Newly discovered key switch for cellular energy balance could pave way for Parkinson’s disease therapies

A key switch for cellular energy balance has been discovered in cells, and it could potentially become the target of new therapies for diseases ranging from Parkinson’s to rare disorders caused by defects in mitochondria.

The switch is called phosphatase B55 (PP2A-B55alpha) and regulates the balance of mitochondria. Experts from Università Cattolica, Rome campus, and Roma Tre University have observed that by reducing its activity, it is possible to attenuate the motor symptoms of Parkinson’s in a preclinical model of the disease.

This is the result of a study published in Science Advances, led by Francesco Cecconi, Full Professor of Biochemistry at the Department of Basic Biotechnological Sciences, Intensive Care and Perioperative Medicine at Università Cattolica, and conducted by Valentina Cianfanelli, Associate Professor at the Department of Science at Roma Tre University and Principal Investigator of the Young Researchers Project at the Gynecological Oncology Unit of Fondazione Policlinico Universitario Agostino Gemelli IRCCS.
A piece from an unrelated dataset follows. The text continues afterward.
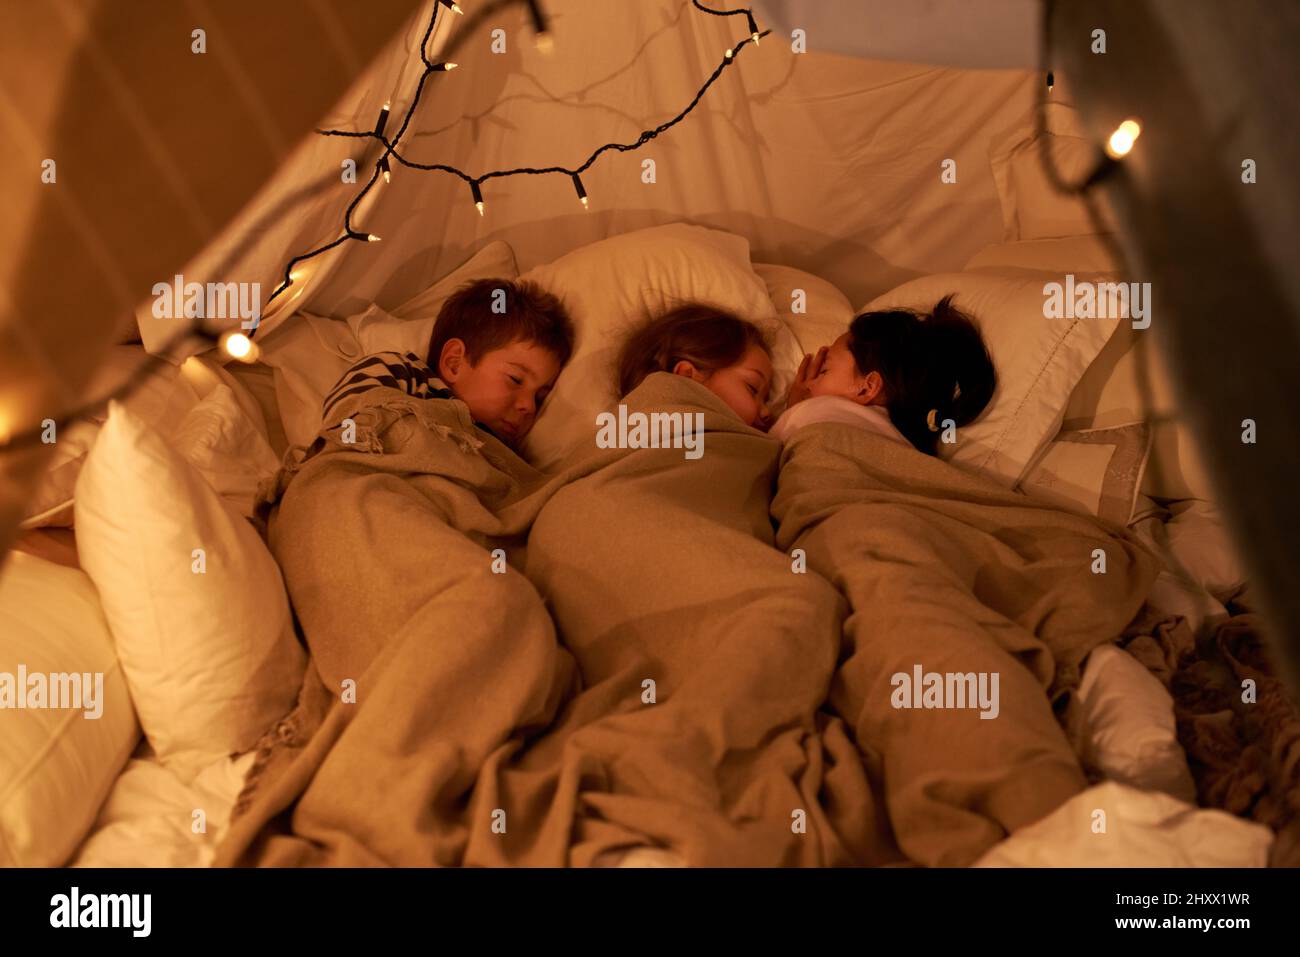 Schlafende kleine Engel. Aufnahme von drei kleinen Kindern, die in einem Bettelzelt schlafen. Stockfoto

Mitochondria are highly complex cellular organelles, vital for cell survival. They are responsible for producing the energy cells need to survive. Their integrity is associated with several diseases, both widespread, such as Parkinson’s; and rare, so-called mitochondrial diseases, which can affect various parts of the body, from muscles to eyes to the brain.

Inside cells, there is a delicate balance between old or damaged mitochondria that must be eliminated and new ones that must replace them. In some diseases, however, this balance is disrupted, and if mitochondria are lost in excess, or if damaged organelles accumulate in the cell and are regularly not eliminated, the very survival of the cell is endangered.

In the case of Parkinson’s disease, for example, the loss of mitochondria also plays a role in the death of dopaminergic neurons that underlies the disease.

Experts have discovered that B55 plays a key role in regulating mitochondrial homeostasis.

“On the one hand,” Professor Cecconi explains, “it promotes the removal of damaged mitochondria by stimulating mitophagy, a selective process for removing inefficient and potentially dangerous organelles. On the other, B55 acts as a controller of mitochondrial biogenesis, stabilizing the main promoter of new mitochondrial formation.

In this way, B55 not only promotes the degradation of damaged mitochondria, but also prevents excessive production of new organelles, thus maintaining a dynamic balance between mitochondrial elimination and synthesis.

“It is of great interest,” the expert emphasizes, “that both these effects depend on the functional interaction between B55 and Parkin, a central protein in mitophagy mechanisms, implicated in Parkinson’s disease.

Professors Cecconi and Cianfanelli explain, “It is no coincidence that in our research, using animal models of Parkinson’s disease (Drosophila, the fruit flies), we observed that by reducing B55 levels we can improve both the motor defects and the mitochondrial alterations typical of the disease.” This effect requires the presence of the Parkin factor and acts primarily on mitochondrial biogenesis.

The idea could be to develop small molecules capable of penetrating the brain and selectively acting on dopaminergic neurons, counteracting their death.

More generally, a “universal” drug that regulates the action of B55 could be developed for various mitochondrial diseases characterized by mitochondrial loss, including some mitochondrial myopathies and neurodegenerative diseases, Professor Cecconi explains. Furthermore, the deregulation of mitochondrial quality and number also underlies the plasticity of tumor cells and their ability to resist therapies, so controlling B55 could become a promising approach in oncology.

“Our future studies will aim to identify safe molecules and therapeutic strategies to modulate B55 in preclinical and human cellular models, especially in order to analyze the effect of its regulation on other neurodegenerative and mitochondrial diseases,” they conclude.